During our recent time in Darwin, we had the unique opportunity to watch, at close-quarters, air-to-air refuelling drills from on board Royal Australian Air Force (RAAF) Airbus A330-203 / KC-30A (MRTT) A39-001 "Dragon 21".


The KC-30A Tanker is flown by 33 Squadron based at RAAF Base Amberley.  The Squadron is responsible for aerial refuelling and passenger long-range transport and is controlled by No. 86 Wing, which is part of Air Mobility Group.  33 squadron currently operates five Airbus A330-203 / KC-30A Multi Role Tanker Transport (MRTT) aircraft.


A39-001 was the first to be built in March 2006 and over the following years, the airframe was used by the EADS (Airbus) Conversion & Modification Centre in Getafe, Spain to build, install and test the air-to-air refuelling equipment (boom, hose-and-drogue units, plus electronics). The remaining aircraft were converted by QANTAS Defence Services in Brisbane.  The first KC-30A entered service in June 2011.  Two more are due for delivery in 2018 bring the total to seven operational units.

The aircraft are crewed by pilots, refuelling operators and flight attendants. Internally, you could be forgiven for thinking that you had just boarded a regular Airbus A330. The interior is fitted out just like a regular civilian aircraft.  The RAAF’s KC-30A can seat up to 270 passengers in a 2 class configuration.


Air-to-air refuelling is considered a force multiplier, permitting the RAAF to increase the range and loiter time of its aircraft. The ability to refuel in flight also enables aircraft to take off with more ordinance than they might otherwise.

Departing RAAF Base Darwin, "Dragon 21", met up and refuelled seven General Dynamics F-16CM Vipers (Fighting Falcons) of the United States Air Force (USAF) / U.S. Pacific Air Forces (PACAF) 14th Fighter Squadron - nicknamed the ‘Samurais’ - which are based at Misawa Air Base in Japan.







The 14th FS fly the upgraded F-16CM Viper (previously known as the Block 40 F-16CG and Block F-16CJ variants) built between 1990 and 1992.  Of interest, their deployment from Misawa to Darwin was a new experience as it was the first time a USAF KC-10A or KC-135R equipped Aerial Refuelling Squadron did not deploy with the unit to support the 14 F-16Cs.










Instead, for the first time outside of the test environment, the USAF partnered up with a RAAF KC-30A tanker, flying non-stop with seven 14th FS F-16Cs from Kadena AFB in Japan to Darwin in a little over six hours.  This process was repeated, resulting in 14 jets and 175 personnel , as well as support gear, being deployed in three days.

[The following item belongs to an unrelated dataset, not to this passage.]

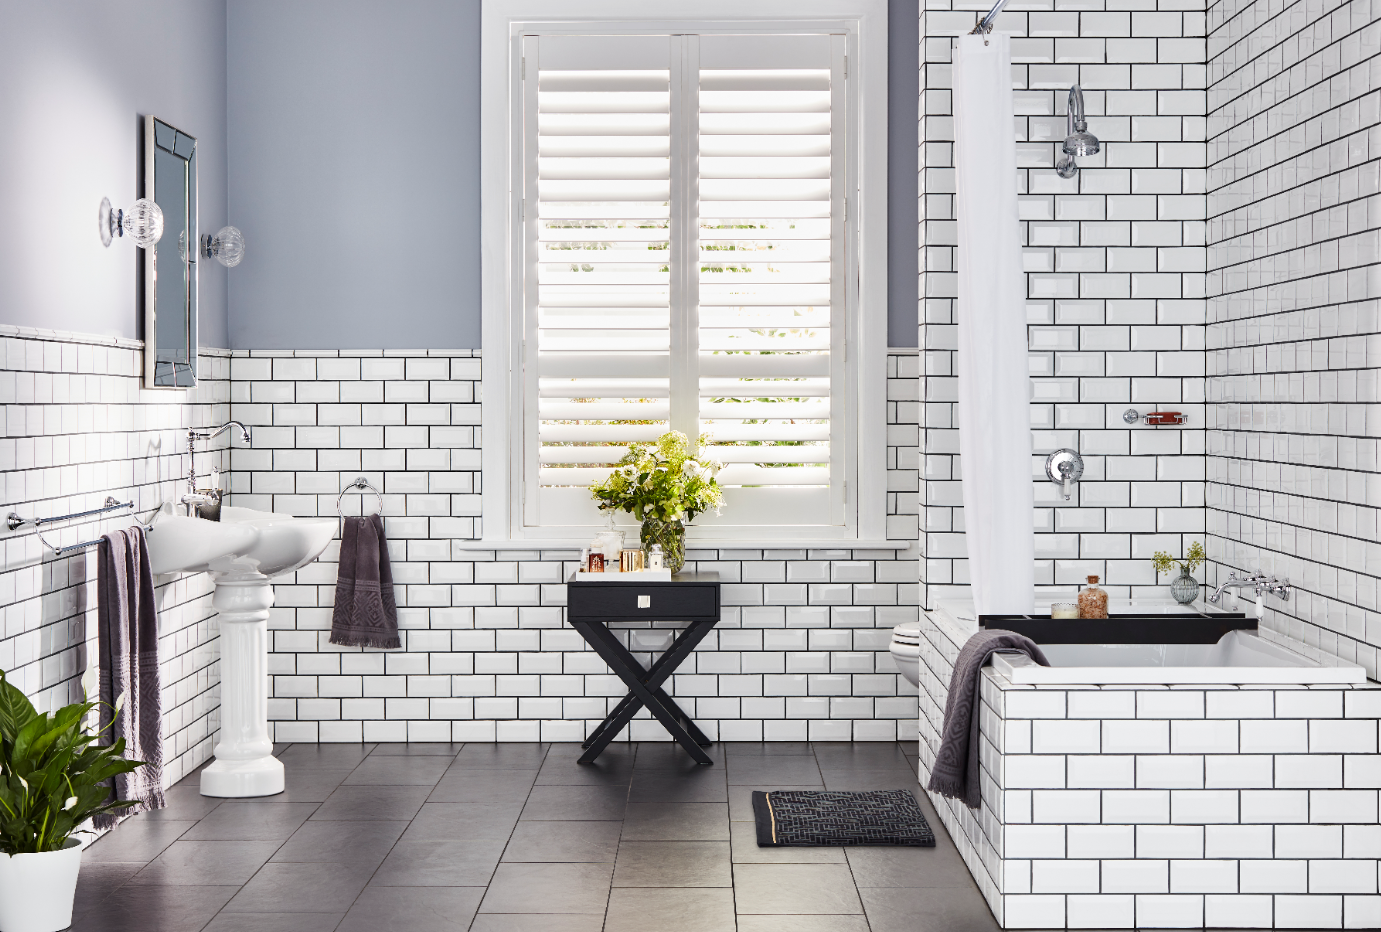 Heritage Bathroom Design Achieved With The Maestro Range From Mondella Bunnings Bunningsbathroom Sub Bathroom Collections Bathroom Design Heritage Bathroom

To refuel the USAF F-16Cs, the RAAF KC-30A used its 18-metre-long Advanced Refuelling Boom System (ARBS), controlled by an Air Refuelling Operator at a station located in the KC-30A’s flightdeck using fly-by-wire controls and 3-D glasses.

CPL Glen McCarthy / Defence image

Initially, four Vipers formed up together on the port side of the KC-30A before flying one-by-one behind the KC-30A for refuelling.  The ARBS 'plugs' into a fuel receptacle on the F-16C and refuelling takes place.  The F-16Cs then re-formed on the starboard side of the KC-30A before departing back to the Exercise area.

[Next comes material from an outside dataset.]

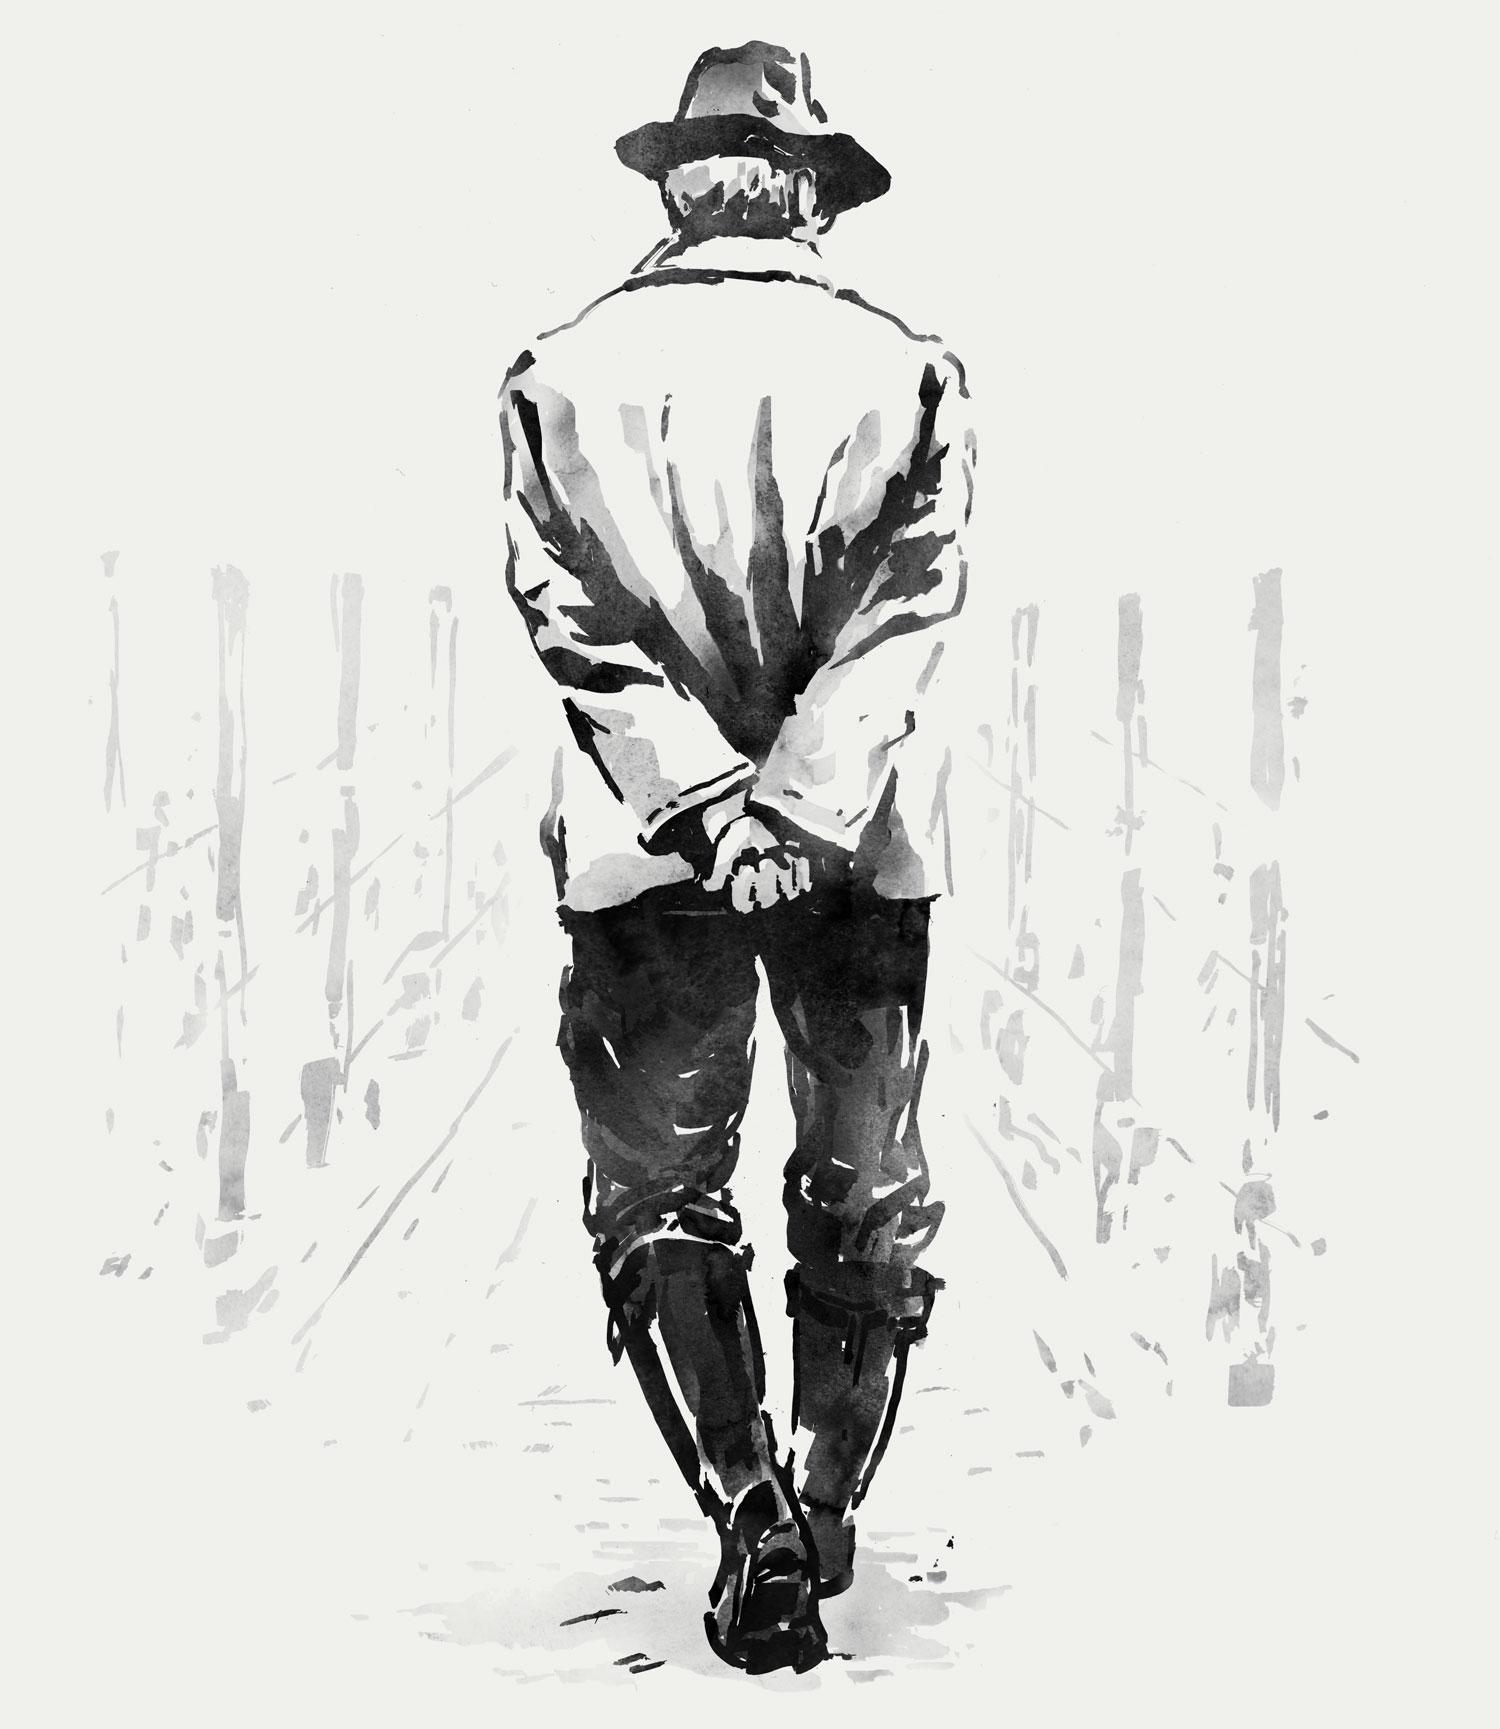 Gentleman farmer winemaker illustration

The whole process was then repeated with another three 14th FS F-16Cs.














A little later in the flight, "Dragon 21" met up with a pair of Boeing F/A-18F Super Hornets from Number 1 Squadron also based at Amberley.


The Super Hornets were refuelled by the KC-30's pair of all-electric refuelling pods that are mounted underneath each wing.  These pods unreel a hose-and-drogue system to refuel the probe-equipped aircraft. These systems are also controlled by an Air Refuelling Operator in the flightdeck.


Like the USAF F-16Cs, the RAAF Super Hornets again joined the KC-30A on the port side before they each joined the hose-and-drogue system on each side of the tanker.




Refuelling complete, both Super Hornets positioned off the starboard side wing before also departing back to the battlefield.








"Dragon 21" then returned to RAAF Base Darwin with a very spirited descent and landing profile (in comparison to a commercial Airbus A330 profile).  All up the flight lasted just over 3 hours.

CPL Casey Gaul / Defence image

All in all this for many on board, it was a very unique and privileged experience, something that I am truly privileged to have been a part of.  Our thanks must again go to Squadron Leader Briggs from RAAF Media Operations for the opportunity provided to us to view these capabilities up close and to gain a better understanding of their role in Pitch Black 2016 and in domestic and international military operations.